Единственное послабление, которое все же облегчило всем жизнь, заключалось в том, что студию не перегружали большим количеством людей одновременно слишком часто. Репетиции и без того получались крайне оживленными. После процесса записи Вайсруб и Боднар устраивали вечные баталии, почти никогда не сходясь во мнениях, но зато, как говорил Мирош, он имел возможность выбирать то, что больше подходило ему и музыкантам, полагаясь на собственное чутье.
Самого Мироша было очень много. Наверное, даже слишком много по меркам окружающих, но он действительно поспевал везде. Пел, играл, слушал, останавливал репетиции, когда ему что-то не нравилось. И очень редко скупился в выражениях, играя то плохого, то хорошего полицейского в зависимости от того, с кем имел дело в каждый следующий момент.

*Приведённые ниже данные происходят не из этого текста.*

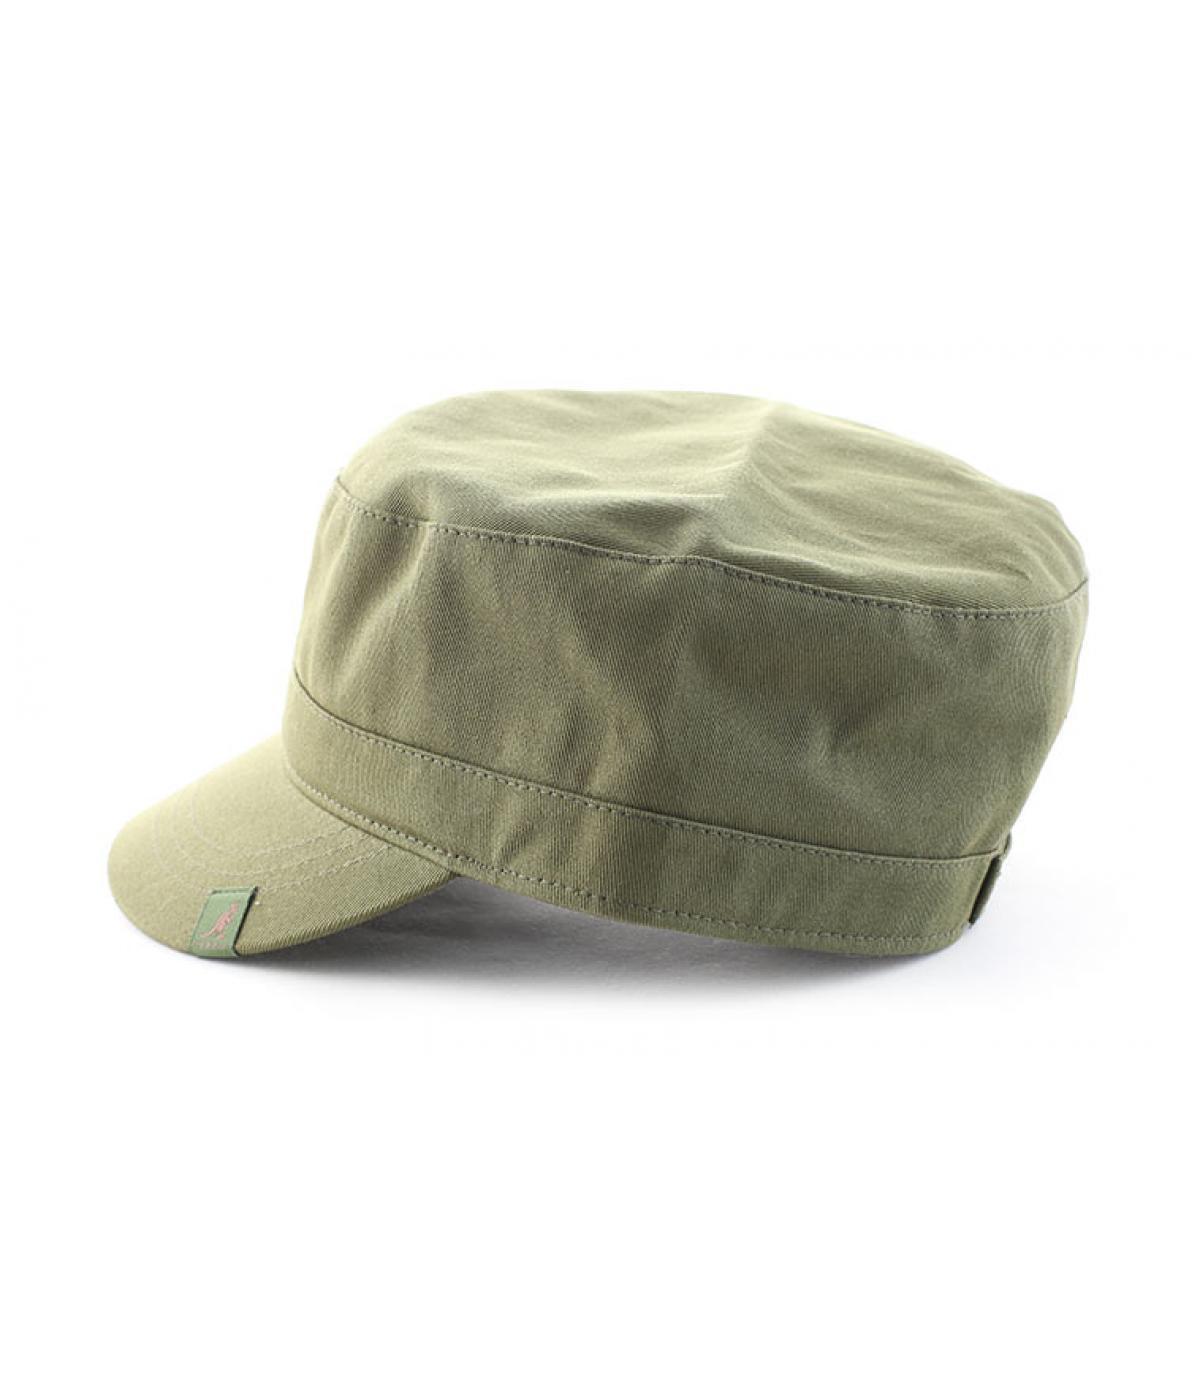 Détails Cotton twill army cap khaki - image 4

Фурсов попадал в категорию тех, кто выслушает все что угодно и в следующий раз сделает так, как надо. Потому с видом аскета он разглядывал пол в помещении, пока Иван зависал над ним и чего-то от него добивался.
- Ты вообще себя слышишь? – рычал он. – А Кормилина? Он кому ритм отбивает, пока ты выпадаешь из контекста? Всем нормально – тебе нет! Или мне Жору тоже попросить притормаживать? Так у него слух идеальный, он и захочет – не сможет ритм игнорировать.
Жора играл на виолончели и сегодня попадал по полной. Чуть что – у Жоры слух идеальный.
- А я тебе уже два часа талдычу, - спокойно ответил Влад, - что в этом месте Кормилин вообще чуток уйти на второй план может, и тогда я вполне впишусь.
- Ты это и Мартину Геллеру будешь рассказывать?
- Если надо будет, и ему расскажу, - все-таки огрызнулся басист.
- Так, все, брейк! – рявкнул Тарас. – У вас от голода мозги съехали? Так подкрепите и будем думать.
Мирош глянул по сторонам. Сегодня в репетиционном зале, кроме «Меты», были виолончелист Жора и Полина. Как всегда, равнодушно зацепив глазами последнюю, он перевел дыхание и проворчал:
- Ок. Продолжим позже. Влад! Мы остаемся!
- Типа и так не понятно, - буркнул в ответ Фурсов.
Все понятно было и Полине.
Внешне репетиции выглядели благопристойно. Иван мог хвалить или ругать кого угодно. Кого угодно, кроме нее. Ее словно и не существовало. Иногда к ней обращался Вайсруб. Или Боднар. Но это происходило уже после общей репетиции и почти всегда без Мироша. И все чаще Польку посещала мысль, что будет, если вместо положенной ей партии она исполнит «Похоронный марш». Или лучше «Мурку»? Можно, конечно, и аккомпанемент к арии Сильвы.
В очередной раз не определившись, чем себя развлечь, она вышла из студии. Сегодня и без того будет нескучно. На встречу напросилась Лёлька, аргументировав плаксивыми «давно не виделись» и «я скучаю».
Убедив себя, что она тоже скучает, Полина вошла в небольшой ресторанчик, облюбованный ею в первые же дни начавшихся репетиций. Недалеко, недорого, вкусно.
Лёлька уже ждала ее на месте и радостно махнула рукой, едва завидев подружку.